Version control is a concept that is useful regardless of what industry you are in. But it is especially valuable in the software industry. Before I delved into this world of web development, I had already understood the value of version control.

I mean, it is only logical to keep track of changes made to any files just in case you needed to backtrack or recover any information. However, my experience with version control was extremely rudimentary.

It largely involved keeping multiple copies of the same file every time an update was made. This worked fine, except that you usually ended up with 36 copies of the same file with names like Meeting-minutes-20120506-v1_CHJ_revised.docx.

When I became a web developer, I was told to learn what Git was. In newbie-speak, Git is a distributed version control system (One thing I realised is that systems are the centre of the universe for developers). Breaking that down, it simply means that there is a system in place which tracks any change made to files or folders that you tell it to monitor. The set of files and folders being monitored is known as a repository.

The benefit of having such a system is that any change you do is tracked, making it easy to revert to a prior state, if you frequently commit your changes (i.e. tell the system to record those changes). And in all fairness, this has saved my hide countless times before.

Think about it this way, every time you make a change, it’s as if you’re adding documentation which describes that change to an archive. Say you remove a file, the documentation in the archive will record exactly what file was removed at which point in time.

The thing about archives is that, they are usually HUGE, given the vast amount of information that needs to be stored. Coming back to the context of Git, deleting a file does not mean it’s gone. You just don’t see it in your repository anymore. But in under version control, nothing is ever truly gone. And this very property is a double-edged sword.

There are times when you realise you committed a file that actually should not be included in the repository. Usually you just remove that file from your local repository, commit that change, and add a line in your .gitignore file to ignore that file in future. No biggie, right? Not.

I brilliantly (by accident, might I add) committed a 5gb folder full of media files AND pushed it up to my remote repository on bitbucket. So after I did the remove-file-from-local-repo-and-ignore-it bit, I realised that every single file involved in this epic fail was still recorded in the Git history.

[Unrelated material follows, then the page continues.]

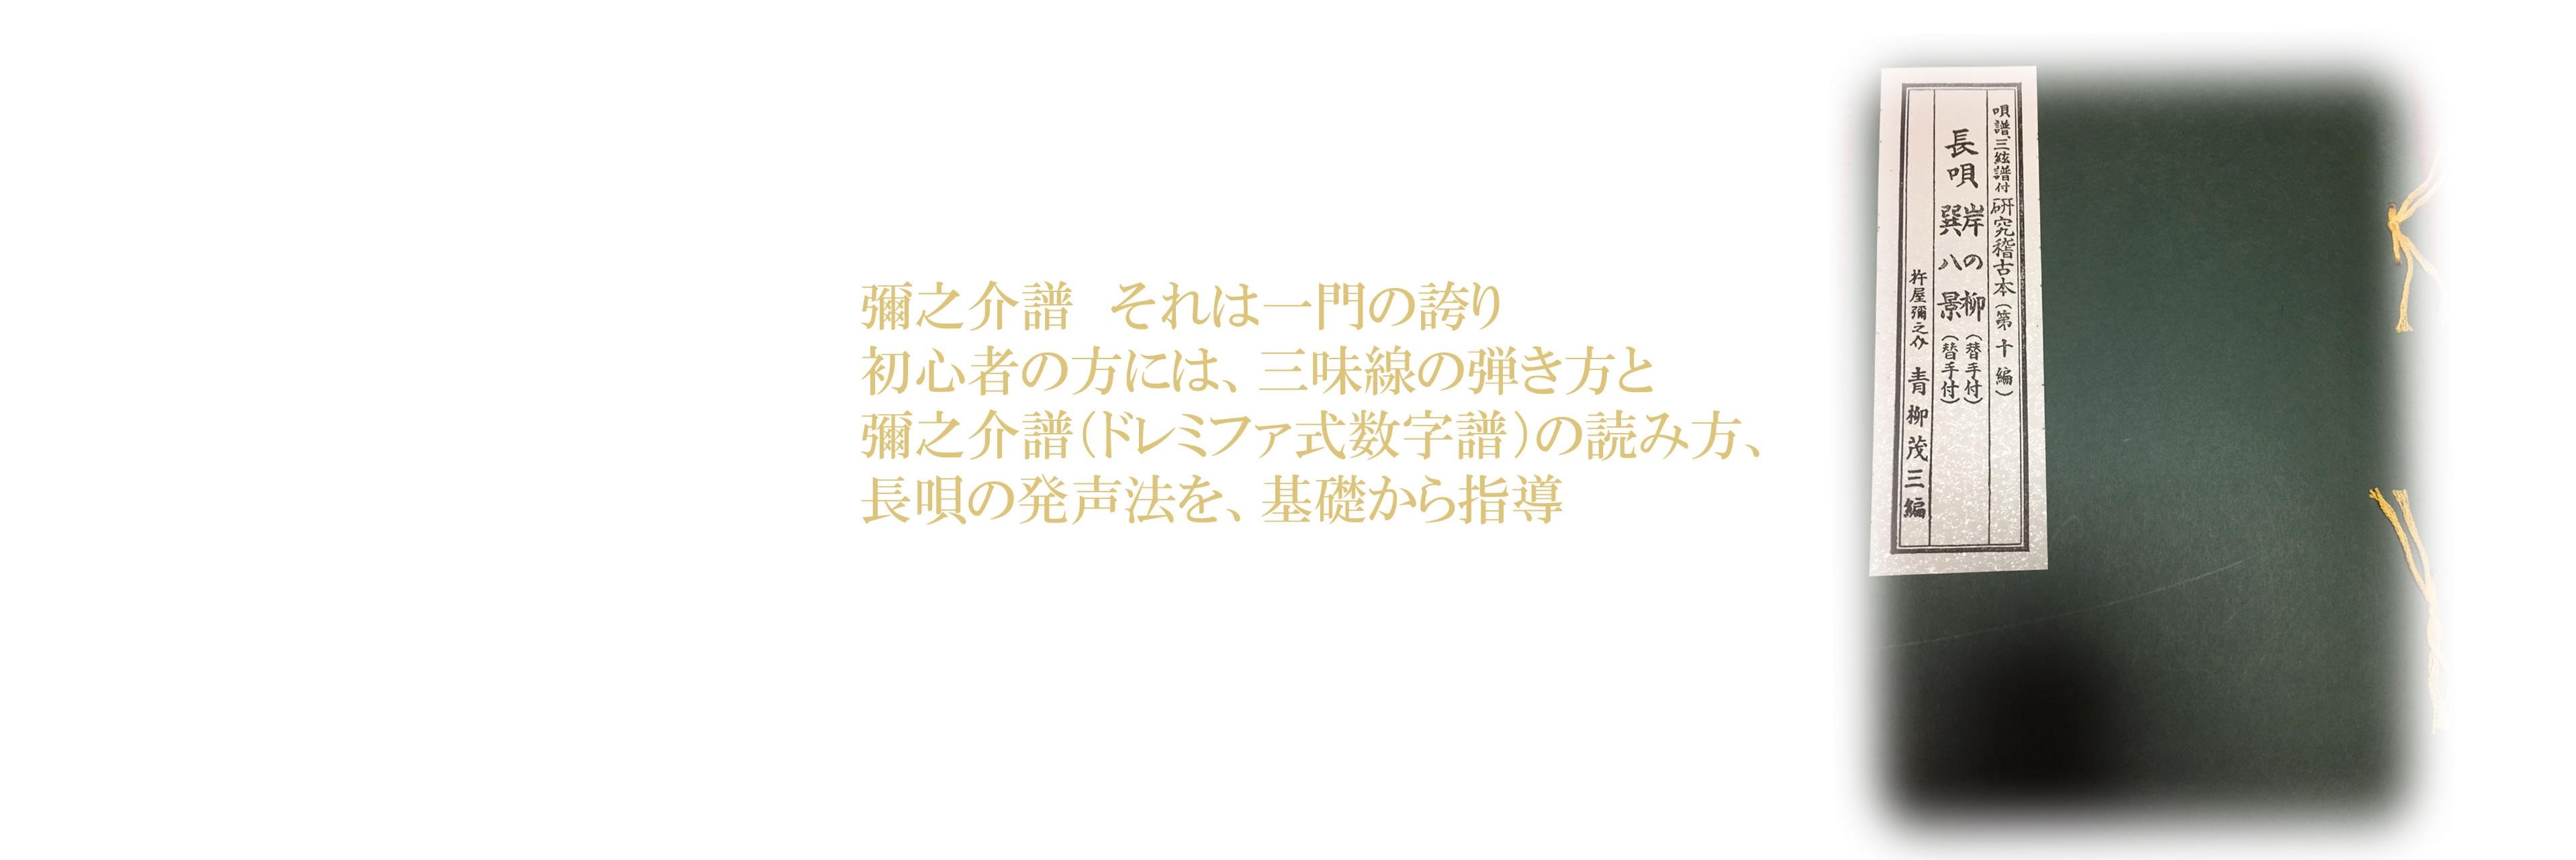 杵屋彌十郎 長唄・三味線教室|彌之介譜
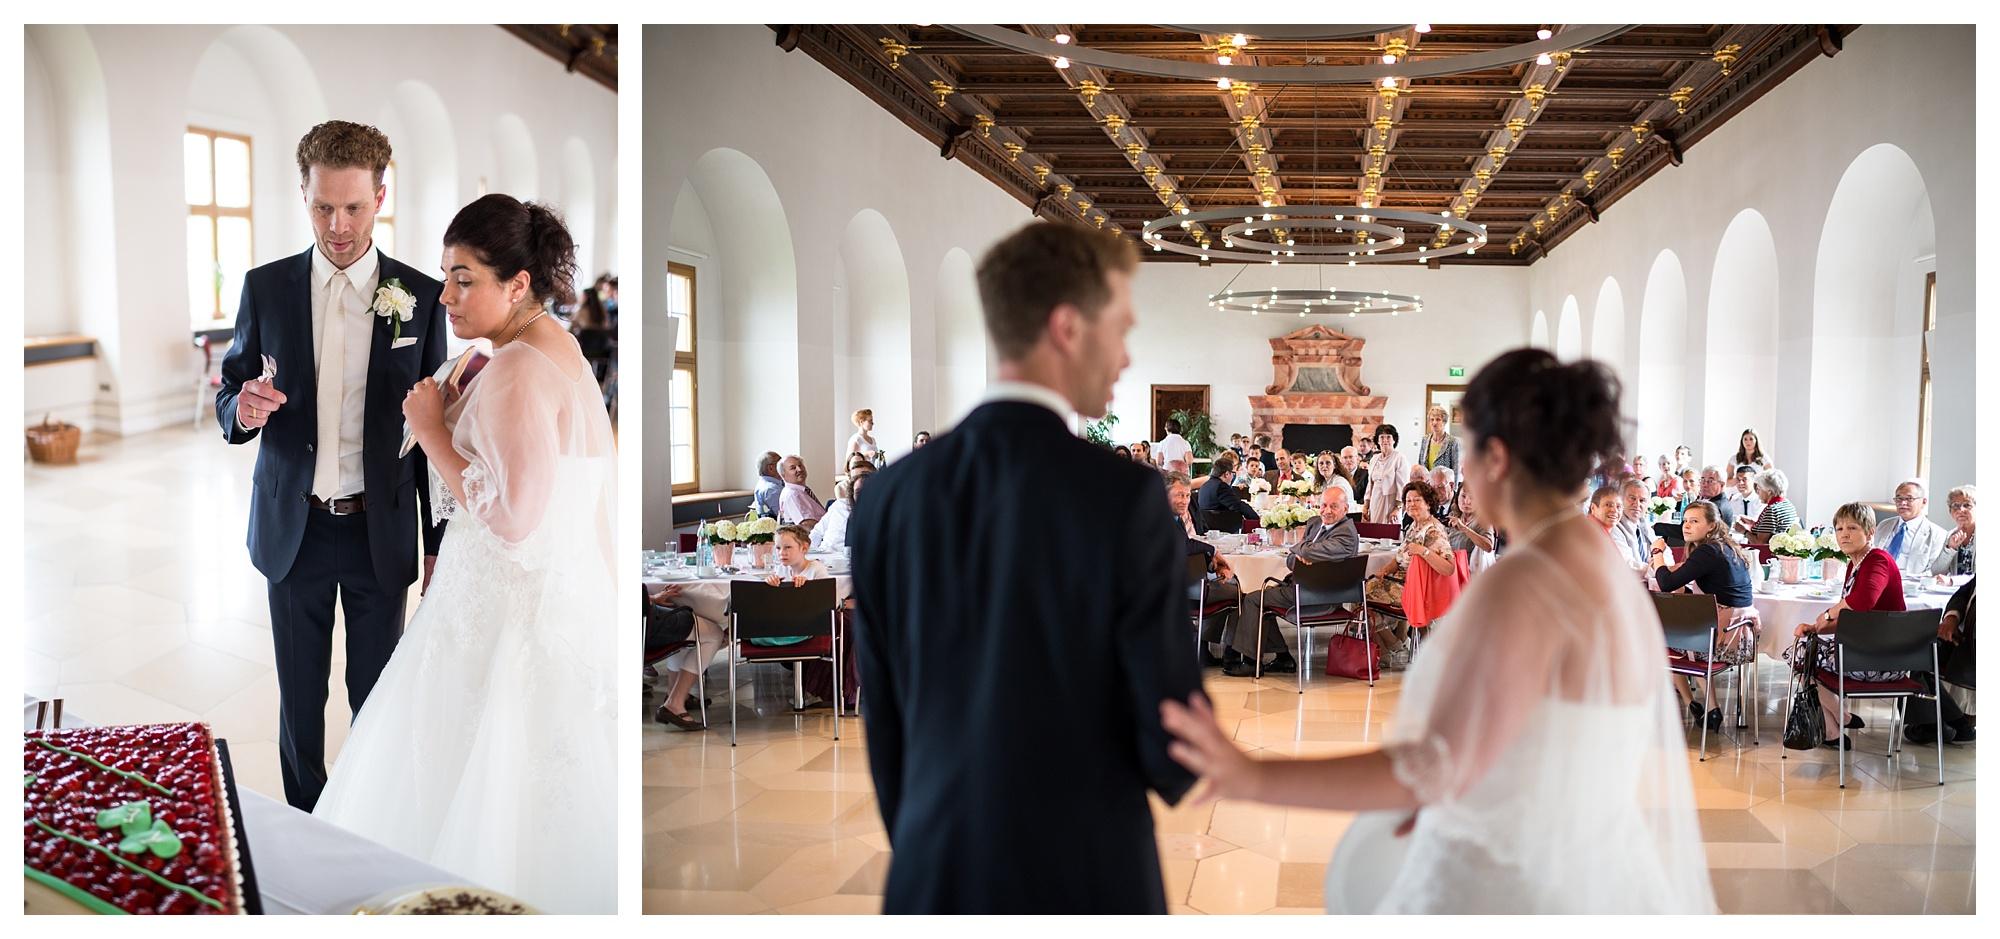 Fotograf Konstanz - Hochzeit Tanja Elmar Elmar Feuerbacher Photography Konstanz Messkirch Highlights 059 - Hochzeitsreportage von Tanja und Elmar im Schloss Meßkirch  - 162 -

I was also left with a 5.94gb Git repo.

I immediately saw fun times ahead.

It took a few hours of Googling and reading Stackoverflow topic threads to solve this problem. The steps can be condensed as follows:

  1. git filter-branch --index-filter 'git rm -rf --cached --ignore-unmatch FOLDER_NAME' --prune-empty --tag-name-filter cat -- --all
    • The filter-branch command allows you to rewrite the Git history.
    • The --index-filer option is the filter for rewriting the index. Some people use the --tree-filter option, which rewrites the tree and its contents, but the --index-filter is faster because it does not check out the tree.
    • This option is used with git rm -rf --cached --ignore-unmatch for optimal results, which removes (rm) the file recursively and forcefully (-rf).
    • --cached is used to unstage and remove paths from the index.
    • --ignore-unmatch will prevent the command from failing if the file is absent from the tree of a commit.
    • --prune-empty allows the filter-branch command to ignore empty commits generated by the filters applied.
    • --tag-name-filter cat will update the relevant tags by rewriting them.
    • -- simply separates the filter-branch options from the revision options and --all will rewrite ALL branches and tags
  2. git prune
    This prunes all unreachable objects from the object database.
  3. rm -rf .git/refs/original/
    This removes any old references to the unwanted folder/file.
  4. git reflog expire --expire=now --all
    According to the documentation, reflog is the mechanism to record when the top of branches are updated so git reflog manges the information recorded. expire is used to prune older reflog entries and `–expire=now specifies how far behind these older entries should be, in this case, right now.
  5. git gc --prune=now
    This command cleans up unnecessary files and optimises the local repository. --prune=now prunes objects older than the date specified, in this case, right now.

After all that, I cloned this into a new local repo using:

git clone --no-hardlinks file://PATH/TO/OLD-REPO NEW-REPO
This gave me a “clean” repository, with the history rewritten to remove the target folder, but with all the other commits still intact.

Although I was able to force push these changes up to my remote repository, the size was still unchanged. So I did the next best thing, which was to create a new remote repository on bitbucket and git push the clean repo up there.

Luckily for me, this entire episode was contained between my local machine and the repository, as nobody had pulled anything since the unwanted folder was committed. As such, all they had to do was to change their remote origin to point to my new clean repository. Doing a git pull updates the files as normal, sans any trace of this incident which I now refer to as “The Epic Git Bomb”.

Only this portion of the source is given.